One potential culprit is the normalization of deviance. In simple terms, normalization of deviance describes the slow creep that happens when taking safety shortcuts becomes the norm. It occurs because we are tempted to take shortcuts. Maybe we’re tired, and lifting with proper technique seems like too much effort. Maybe we’re short-staffed, so we perform a one-person transfer when we should have two people. Maybe the lift is located down the hall and we feel time-pressed, so we transfer someone who needs a lift without it. Maybe we were told by a more senior person that we didn’t really need to follow all those pre-transfer checks. The first time, and likely the second, third, fourth, and fifth times, we take a shortcut, nothing bad happens. The lack of immediate, negative feedback reinforces the inaccurate perception that the shortcut will not create any problems.
This phenomenon is not just experienced on an individual level – it is experienced at an organizational level as well. An organization may have policies on communicating information on potentially aggressive residents, but that policy may be improperly communicated, overridden, or not enforced. When faced with time and funding pressures, managers may feel it’s easier to “let things slide” in practice than monitor and enforce policy. In these scenarios, situational pressures tempt the organization into ignoring its own best practices. Without intervention, the shortcut becomes the norm. This process repeats until either a negative outcome occurs (e.g. someone is hurt or has a near-miss), or someone proactively identifies and addresses the deviance.
In occupational health and safety, we talk about creating a “culture of safety”. We do so, in part, to guard against this creep – to ensure that the shortcut does not become the norm. Creating a culture of safety requires many working pieces to come together. It needs leadership – both at a management and frontline level. It needs clear procedures that are grounded in best-practices and constantly refined. It needs open communication throughout all levels of the organization to identify trouble spots and gaps before they lead to predictable surprises. It needs individual and organizational accountability.
But most of all, it needs courage.

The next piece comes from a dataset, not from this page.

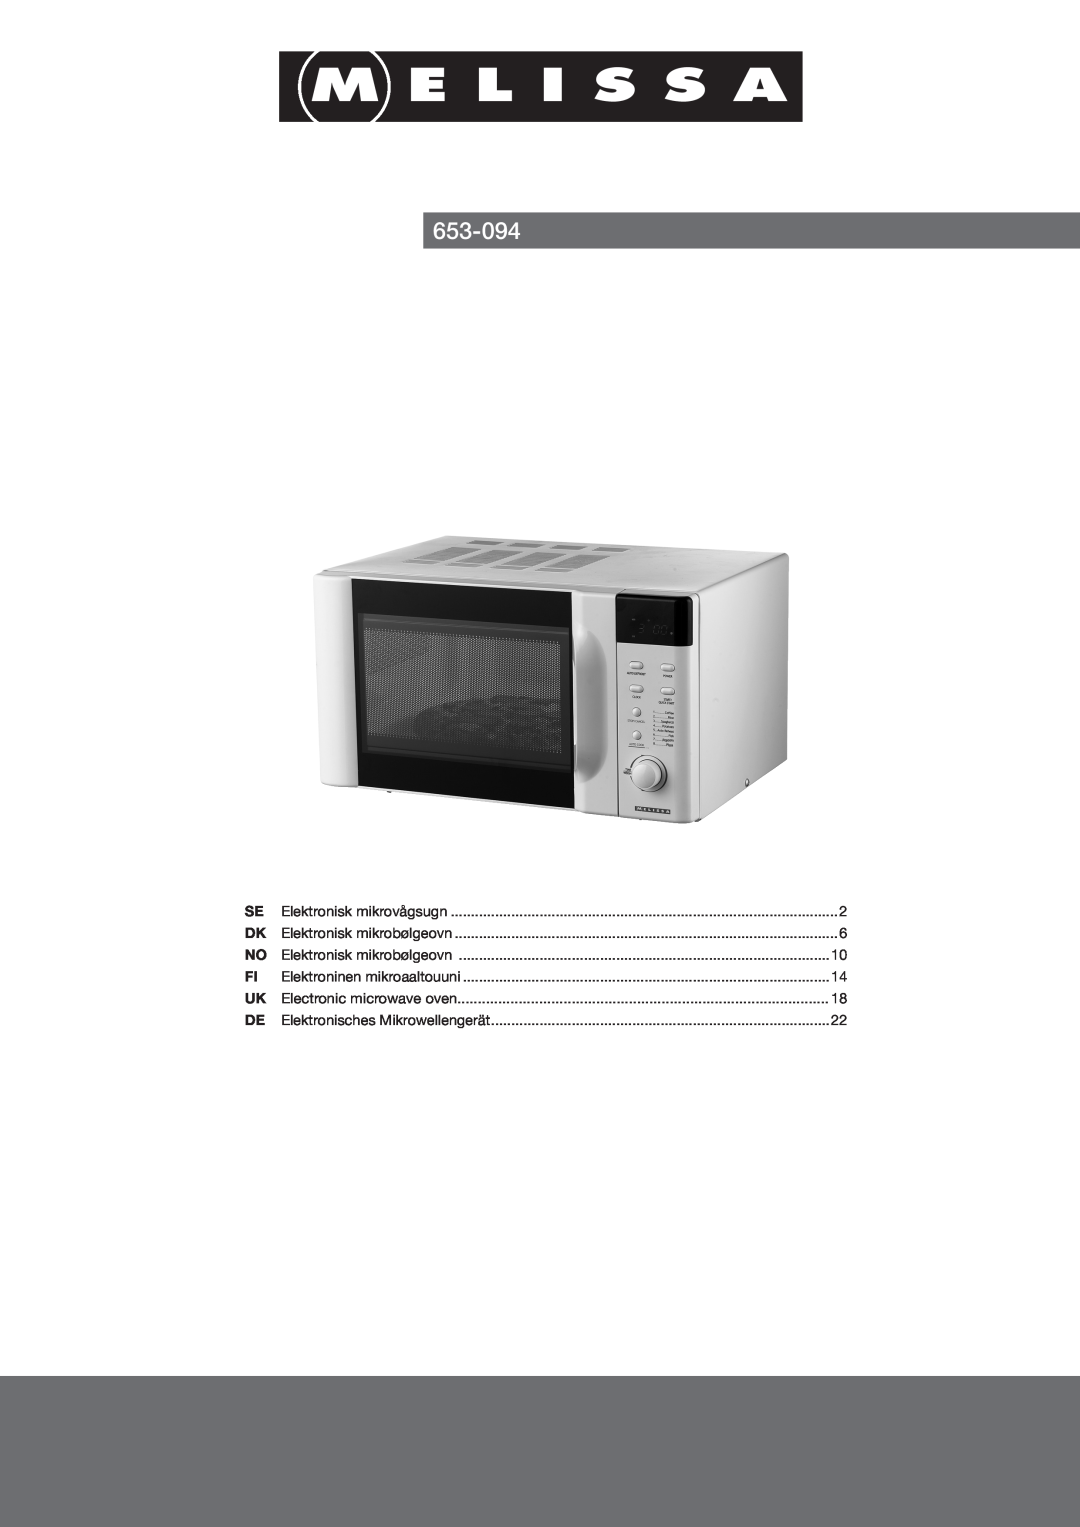 Melissa 653-094 manual Elektronisk mikrobølgeovn, Electronic microwave oven, Elektronisches Mikrowellengerät 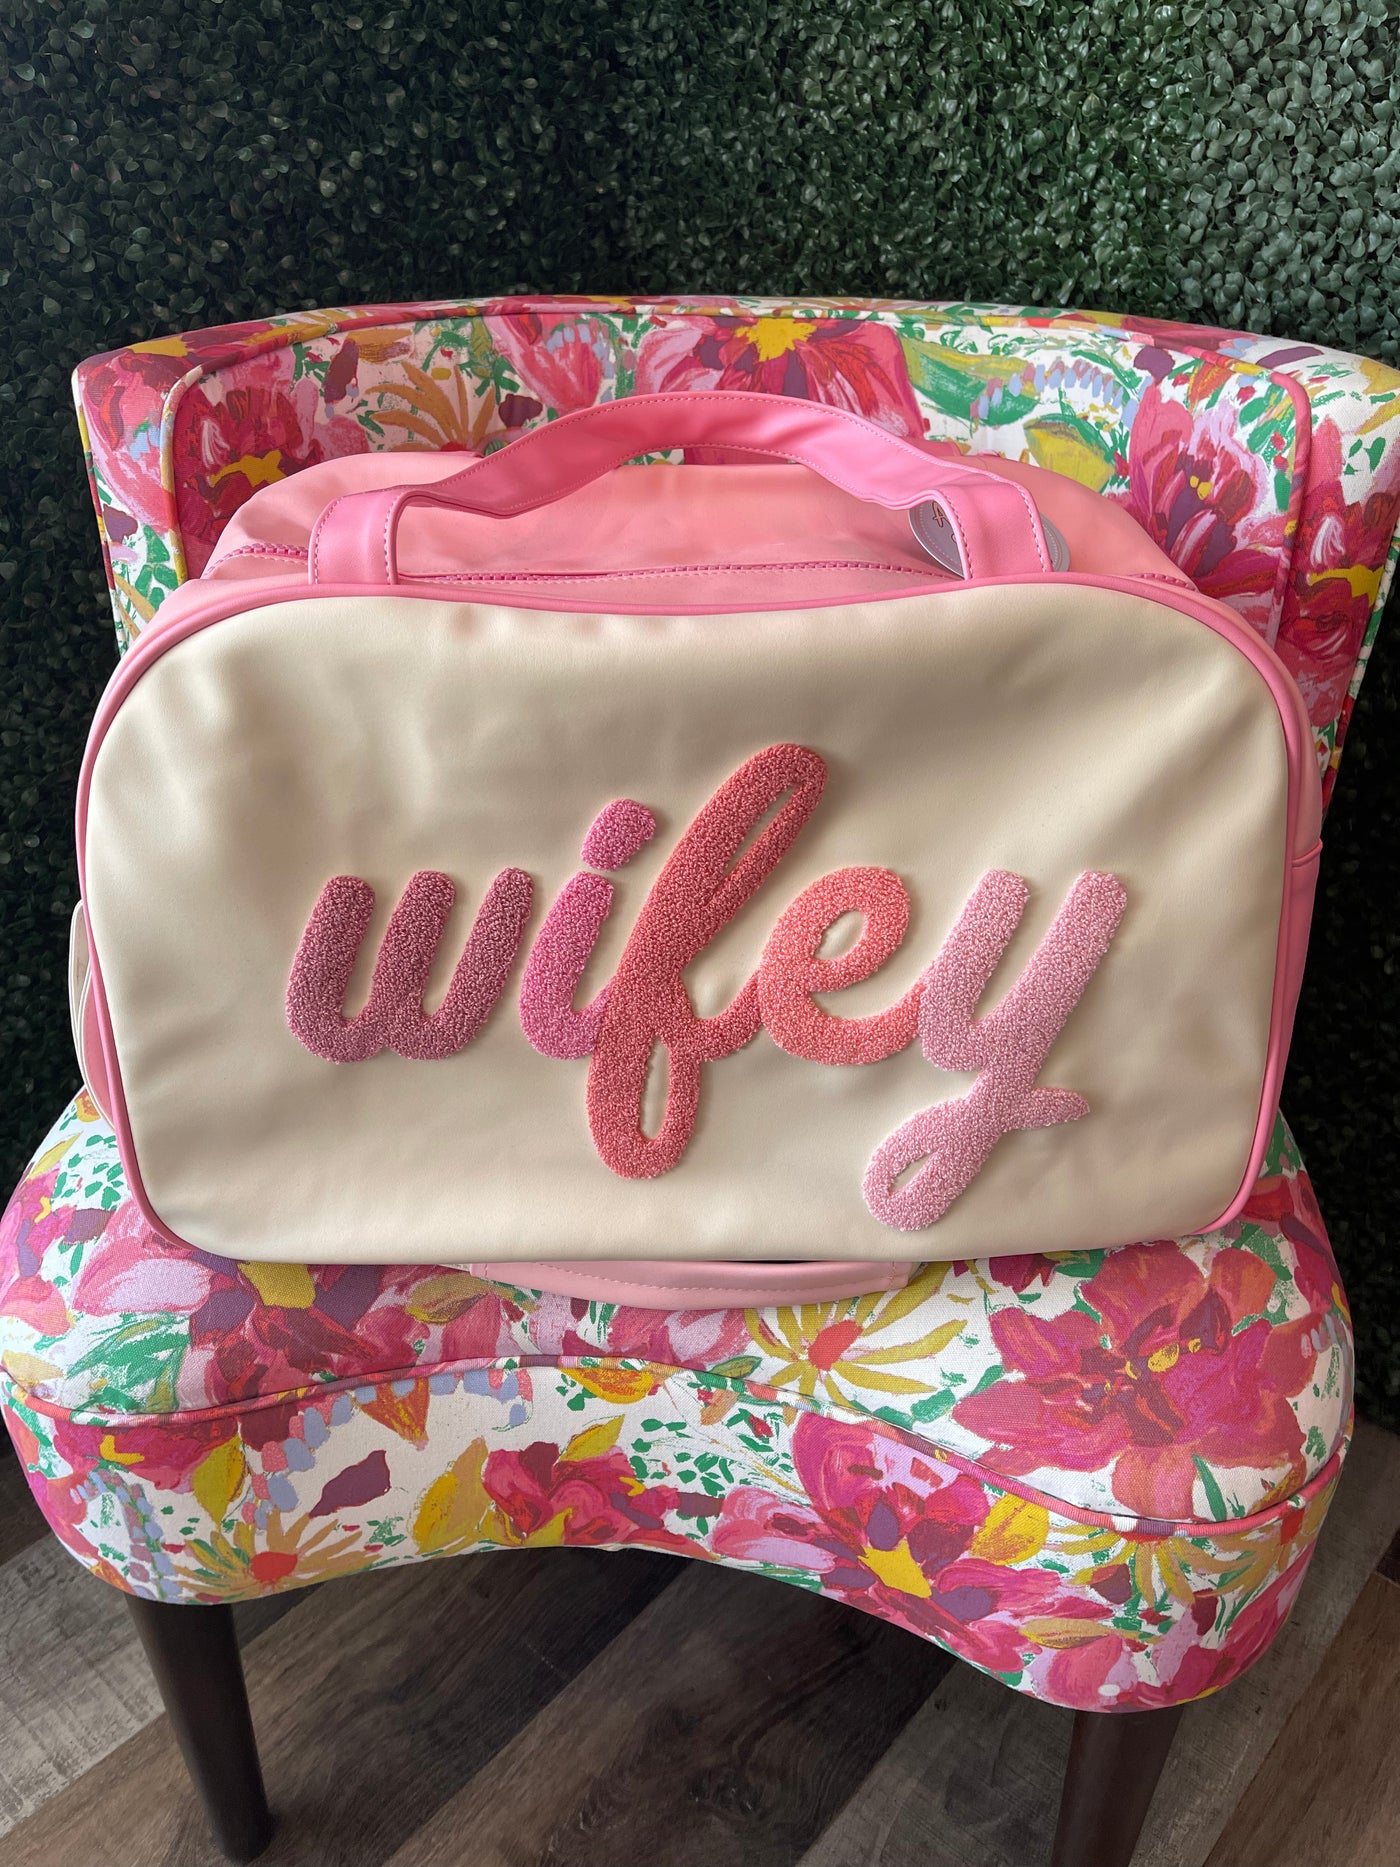 Wifey duffle bag

The courage to ask questions, to seek feedback, and to identify complex problems that don’t have easy solutions. Empowerment, self-leadership, responsibility, and accountability are the cornerstones of creating safer workplaces. These may seem like lofty ideals, but they are grounded in individual action.
May 4th – 10th marks the 2014 North American Occupational Safety and Health Week (NAOSH). One of the initiatives leading up to NAOSH Week asks people to post online who they are being safe for. This NAOSH Week, we’d like to challenge you to go one further and ask not just who you’re being safe for, but what single change you will make this year to promote occupational health and safety in your organization. What will you do to combat the normalization of deviance in your workplace?
What will you do to make a change for the better?